T: A senhora acha que a memória da senhora melhorô?

M: tá melhorando, porque eu lembrava dos sonhos, e comecei a sonhá e lembrá, qué dizê que eu melhorei, eu nunca sonhava antes, nada e sonhei só com o passado, com o presente eu não sonhei nada, queria sonhá também com o presente pra vê, dicerto que tô me lembrando né? porque não sonhava nada né? E agora to com essa sonhação.

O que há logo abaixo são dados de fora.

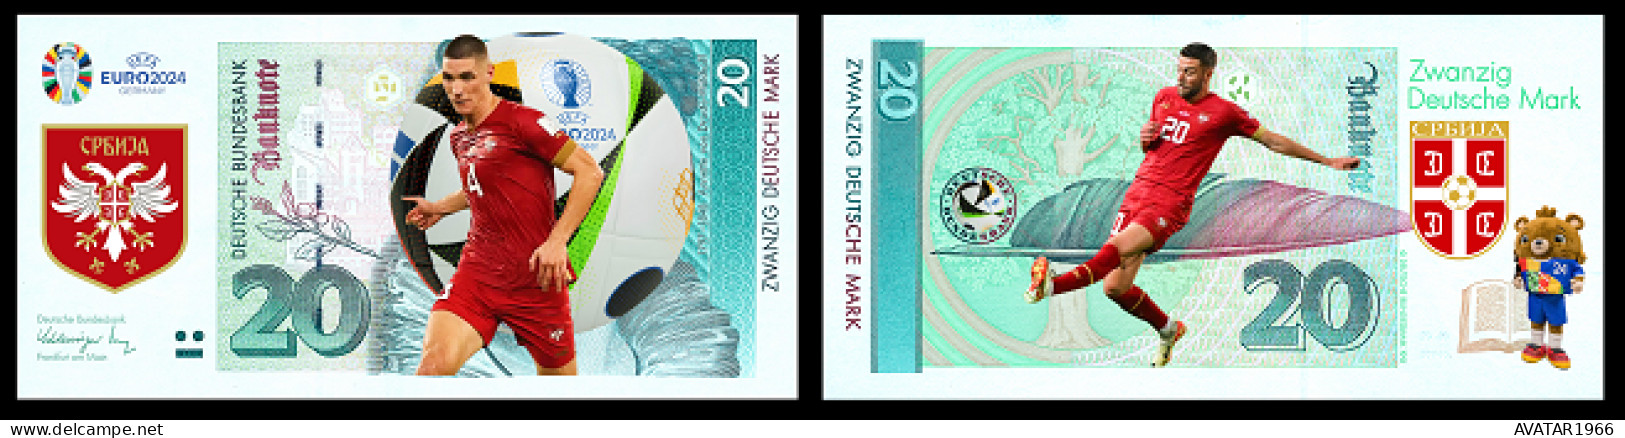 UEFA European Football Championship 2024 Qualified Country Serbia  8 Pieces Germany Fantasy Paper Money - [15] Commémoratifs & Emissions Spéciales

As queixas de dificuldades de memória da senhora foram tomadas como “desnodamentos” do Imaginário. Precisamente, entendemos que Marlene estava se distanciando do outro e da realidade imediata e aprisionando-se em

139 suas próprias vivências. A direção do atendimento foi pautada pela tentativa de suplência imaginária que pudesse mantê-la mais próxima do outro e da realidade textual em curso. As queixas não desapareceram, mas algo se abriu como “esperança” para a paciente. O que esse curto atendimento nos ensinou é que uma clínica dita de linguagem permite que a lembrança aflore. Marlene agora se lembra de sonhos! Uma lembrança que só pode se apresentar ao sujeito quando autorizada pela censura e articulada à palavra, ao simbólico, como ensinou Freud.